To ogromny cios wymierzony w wieloletnią pasję do gry. FleeceKing to posiadacz rekordu Guinnessa. Jako pierwszy gracz osiągnął aktualnie maksymalny 50. poziom w Pokémon Go. Od 2017 roku zebrał ponad 2 miliony Pokémonów.

Dramat rozpoczął się wczoraj wieczorem, gdy FleeceKing zgłosił, że jego konto zostało przejęte przez nieautoryzowane osoby. Na platformie społecznościowej X pojawiły się nagrania, na których widać, jak ktoś korzysta z jego konta, usuwając ulubione Pokémony FleeceKinga.

Pozostaje zagadką, w jaki sposób haker zyskał dostęp do konta FleeceKinga, chociaż sam twierdzi, że nie włamał się do nikogo - ani do systemów Niantic, ani do danych konta FleeceKinga.

Reklama

FleeceKing już podjął kroki w celu rozwiązania problemu, kontaktując się z deweloperem Pokémon Go, firmą Niantic, która podobno stara się przywrócić mu dostęp do konta. "Niantic pracuje nad odzyskaniem konta" - poinformował . "Ale szczerze mówiąc, nie wiem, czy znajdę w sobie motywację do kontynuowania gry po tej sytuacji."

Nie jest jasne, czy konto zostanie zwrócone FleeceKingowi w niezmienionym stanie, z wieloma usuniętymi cennymi stworzeniami, czy też będzie możliwe przywrócenie jego stanu sprzed włamania.

Niantic wcześniej deklarowało, że usuniętych Pokémonów nie można odzyskać. W przeszłości było już wiele przypadków, gdy prośby o przywrócenie Pokémonów (czy to z powodu złośliwych działań, czy przypadkowych błędów) były odrzucane przez obsługę klienta Niantic.
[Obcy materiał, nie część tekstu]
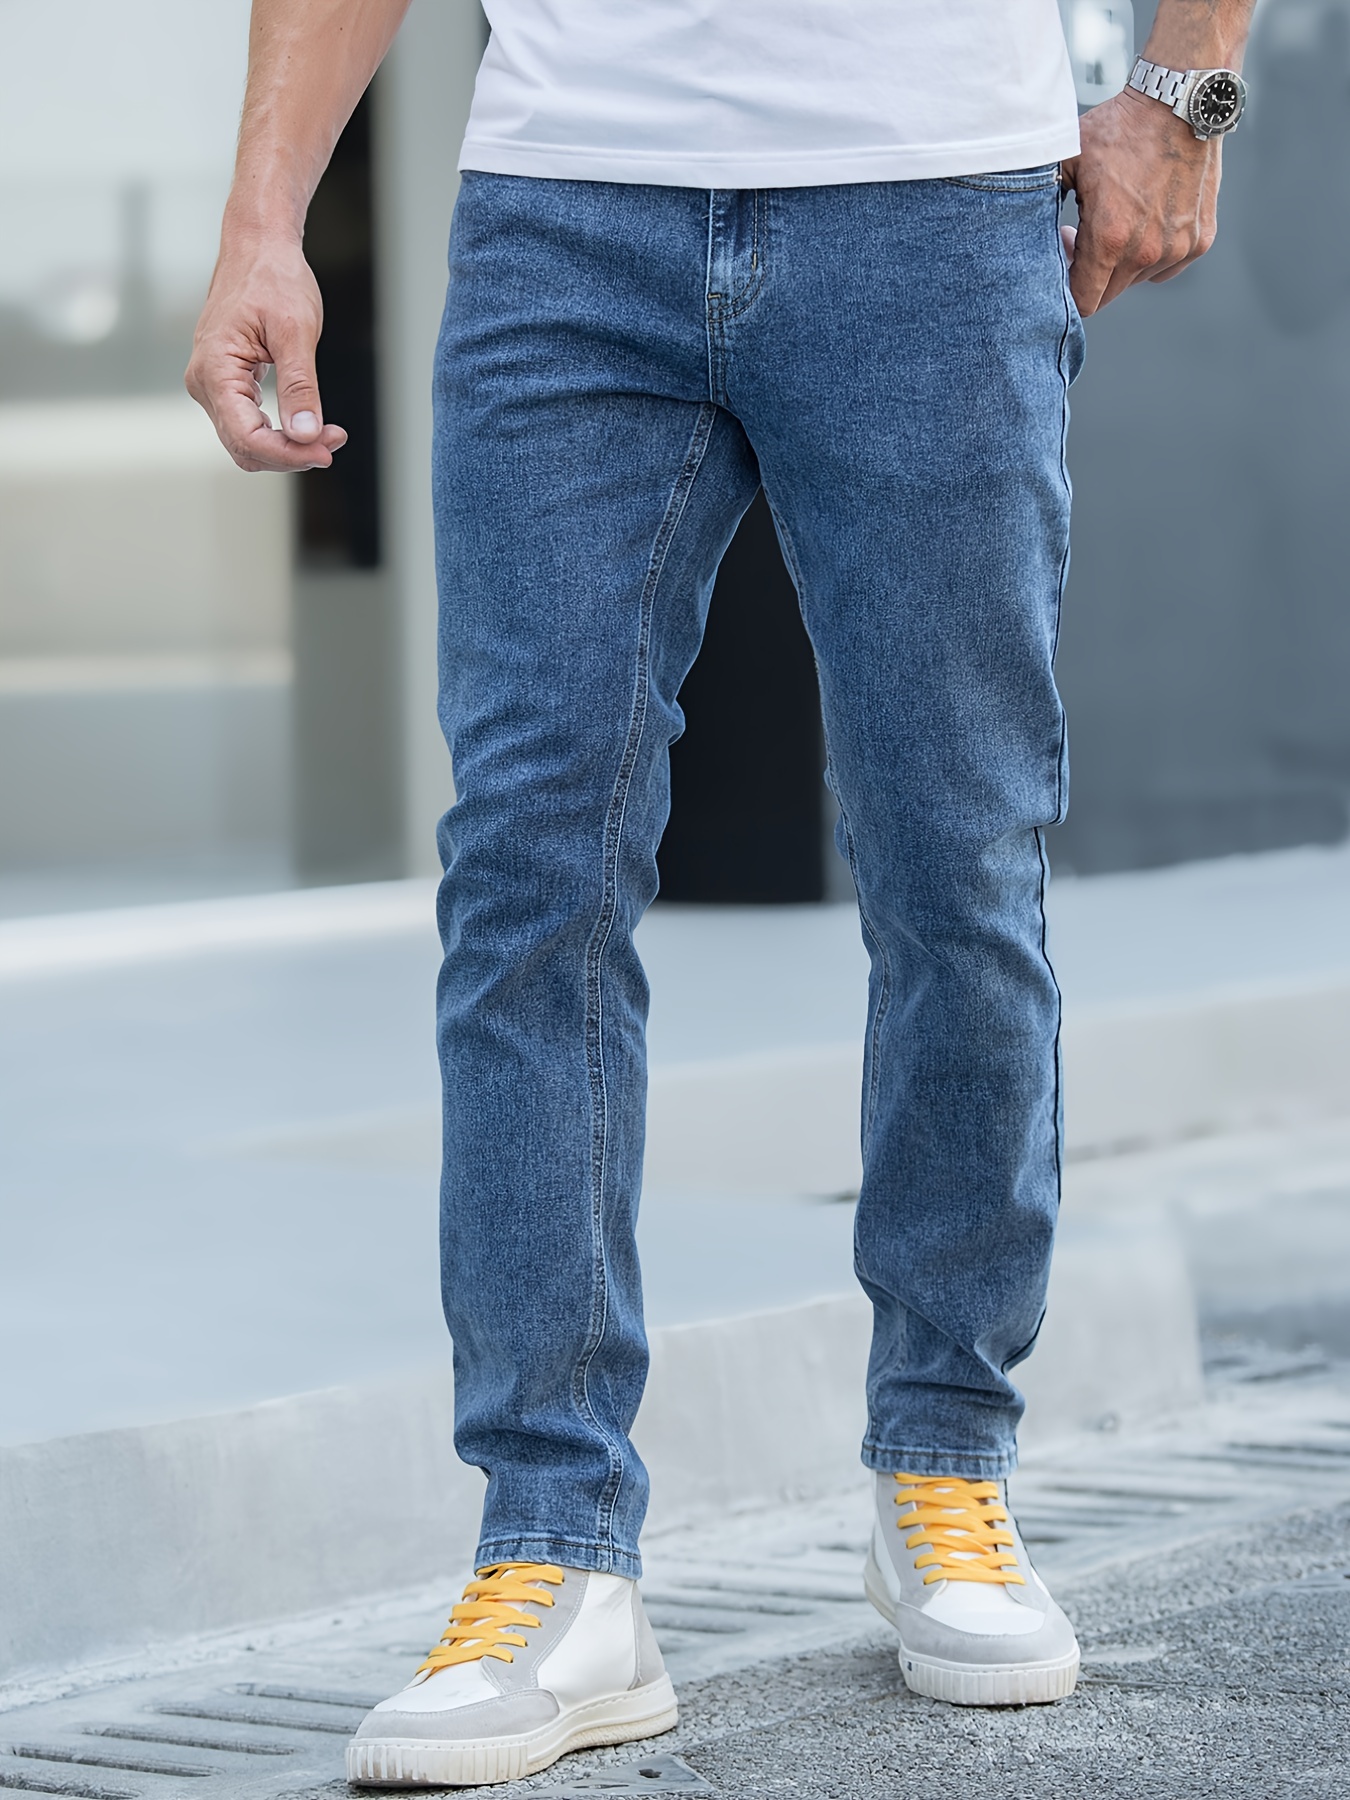 Men's Slim fit Jeans, Black, Grey, Blue & More

Ciekawe, czy Niantic w przypadku tak znanego gracza, jakim jest FleeceKing, zdecyduje się na złamanie własnych zasad, czy też utrzyma swoje stanowisko w sprawie odmowy przywracania usuniętych Pokémonów.

Pokémon Go to gra mobilna, która zrewolucjonizowała sposób, w jaki ludzie postrzegają gry na urządzenia przenośne. Wydana w lipcu 2016 roku przez Niantic, wciąga graczy w rzeczywistość rozszerzoną, pozwalając na łapanie Pokémonów w realnym świecie. Gra zachęca do eksploracji otoczenia, gdyż Pokémony pojawiają się w różnorodnych lokalizacjach, zmuszając graczy do wychodzenia z domu i podróżowania po swoich miastach, a nawet całym świecie, w poszukiwaniu nowych stworzeń. 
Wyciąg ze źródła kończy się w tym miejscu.